I
Bastará decir que soy Juan Pablo Castel, el
pintor que mató a María Iribarne; supongo que el proceso está en el recuerdo de
todos y que no se necesitan mayores explicaciones sobre mi persona.
Aunque ni el diablo sabe qué es lo que ha de
recordar la gente, ni por qué. En realidad, siempre he pensado que no hay
memoria colectiva, lo que quizá sea una forma de defensa de la especie humana.
La frase "todo tiempo pasado fue mejor" no indica que antes
sucedieran menos cosas malas, sino que —felizmente— la gente las echa en el
olvido.
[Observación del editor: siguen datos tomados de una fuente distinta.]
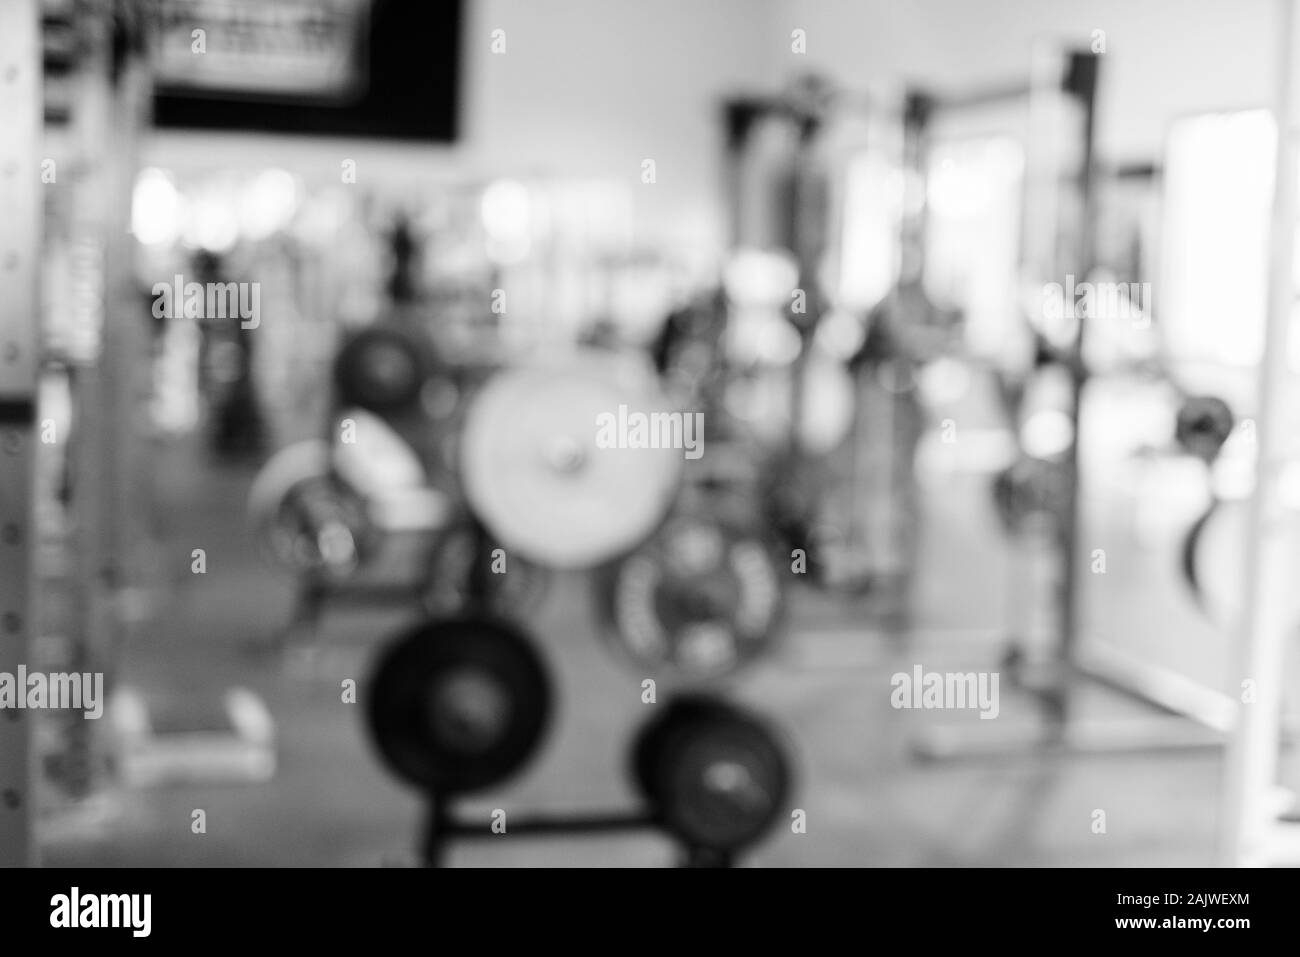 Defocused View Of Gym With Exercise Equipment Stock Photo

Desde luego, semejante frase no tiene validez universal; yo, por
ejemplo, me caracterizo por recordar preferentemente los hechos malos y, así,
casi podría decir que "todo tiempo pasado fue peor", si no fuera
porque el presente me parece tan horrible como el pasado; recuerdo tantas
calamidades, tantos rostros cínicos y crueles, tantas malas acciones, que la
memoria es para mí como la temerosa luz que alumbra un sórdido museo de la
vergüenza. ¡Cuántas veces he quedado aplastado durante horas, en un rincón
oscuro del taller, después de leer una noticia en la sección policial!. Pero la
verdad es que no siempre lo más vergonzoso de la raza humana aparece allí;
hasta cierto punto, los criminales son gente más limpia, más inofensiva; esta
afirmación no la hago porque yo mismo haya matado a un ser humano: es una honesta
y profunda convicción. ¿Un individuo es pernicioso?. Pues se lo liquida y se
acabó. Eso es lo que yo llamo una buena acción. Piensen cuánto peor es
para la sociedad que ese individuo siga destilando su veneno y que en vez de
eliminarlo se quiera contrarrestar su acción recurriendo a anónimos,
maledicencia y otras bajezas semejantes. En lo que a mí se refiere, debo confesar
que ahora lamento no haber aprovechado mejor el tiempo de mi libertad,
liquidando a seis o siete tipos que conozco.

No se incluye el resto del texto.